Scientists find world's first disabled, elderly man

Scientists find world's first disabled, elderly man

Researchers at the Complutense University of Madrid and the Carlos III Institute of Health, who found the remains from a site called Sima de los Huesos in Spain, believe the ancient bones date back to 500,000 years ago.

A prehistoric pelvis, nicknamed "Elvis," and other fossilised bones found from the site are believed to be of an elderly man who lived in Spain and was a member of the species Homo heidelbergensis -- a type of ancient human thought to be exclusive to Europe and ancestral only to Neanderthals.

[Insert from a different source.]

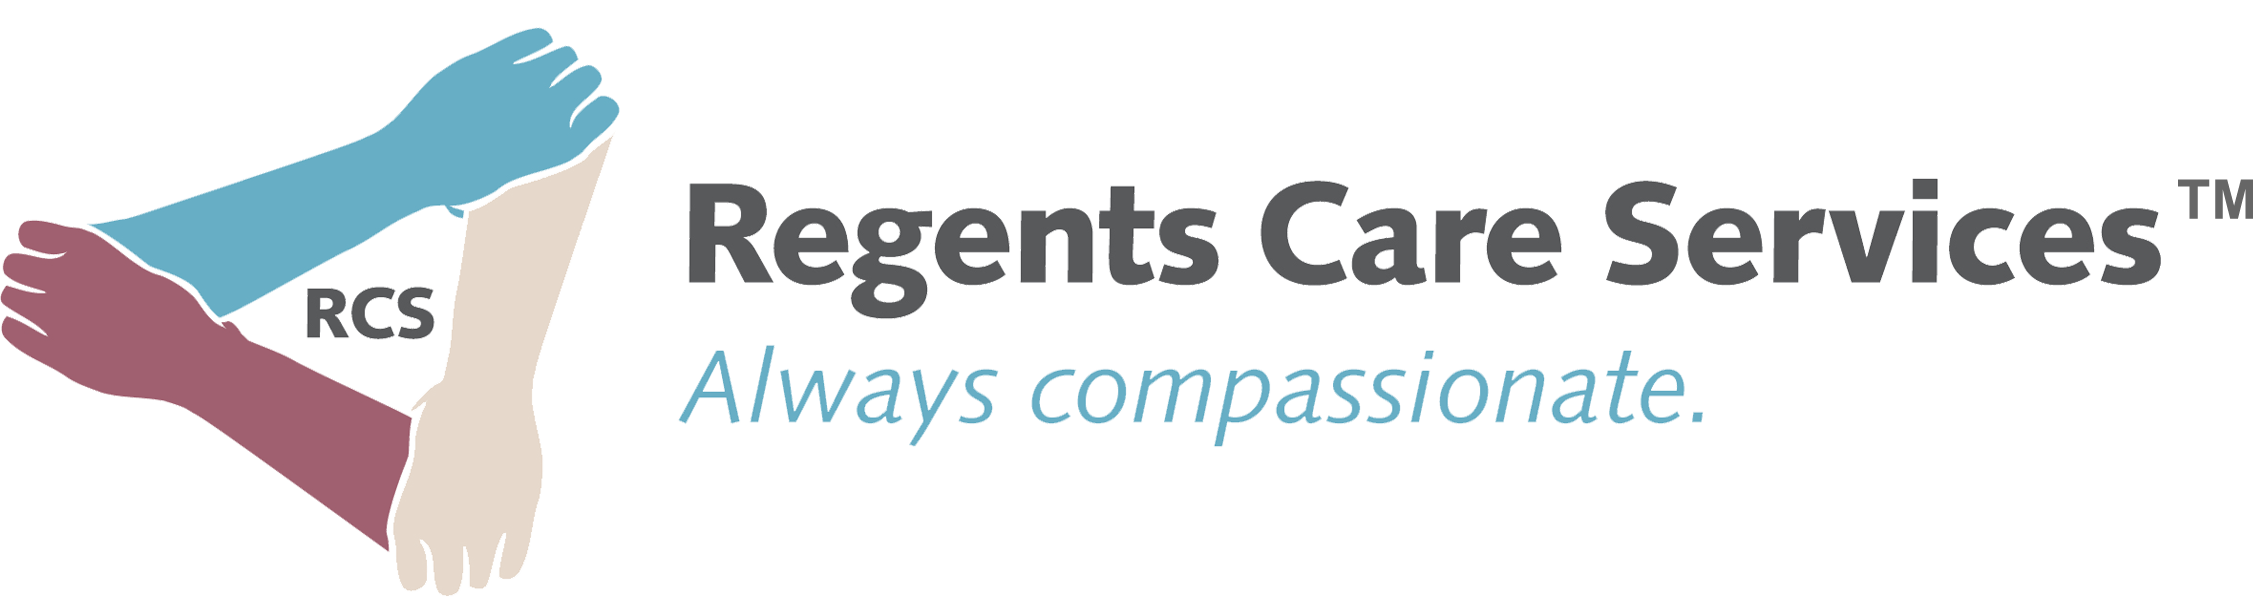 Rwardz Spotlight: Regents Care Services

According to lead author Alejandro Bonmati, modern humans are thought to descend from the Middle Pleistocene African species Homo rhodesiensis. Since that species and Homo heidelbergensis shared a common "grandfather species" around one million years ago, "this (elderly male) individual would belong to our 'uncle' species, meaning he is not ancestral but closely related," Bonmati told Discovery News.

Bonmati and his colleagues unearthed the lower back and pelvis for the aged individual along with some 6,000 other fossils at the site, which was once likely home to numerous humans from the now-extinct species.

Analysis of the fossils indicated that the male Homo heidelbergensis was over 45 years and suffered from a spinal deformity that would have caused him a lot of pain and forced him to stoop over.

Although it was not clear how much older than 45 the man was, the researcher are certain that he was elderly based on his remains. "He possibly used a cane, just as a modern elderly person does," Bonmati said.

"This individual may not have been an active hunter and was impaired to carry heavy loads, thus an important source of his food would depend on other members of the group, which would mean sharing." As a senior, the individual would have had expertise in finding food and more, the researchers suspected, so he must have been a valuable contributor to his group.

As a result, the male may also provide some of the world's first evidence for compassion and cooperation among early humans, they reported in the journal Proceedings of the National Academy of Sciences.

"We wouldn't say that he was a burden to his group, but rather that this was a greatly socialised group with solidarity bonds between individuals," Bonmati said. Homo heidelbergensis had a large brain and certain anatomy such as a highly developed inner ear, he explained.

These features suggest this species had some form of spoken language that would have helped to bond individuals together. The findings have come on the heels of yet another new study that described the discovered remains of a Neanderthal child with a congenital brain abnormality who was not abandoned, but instead lived until the about age five or six.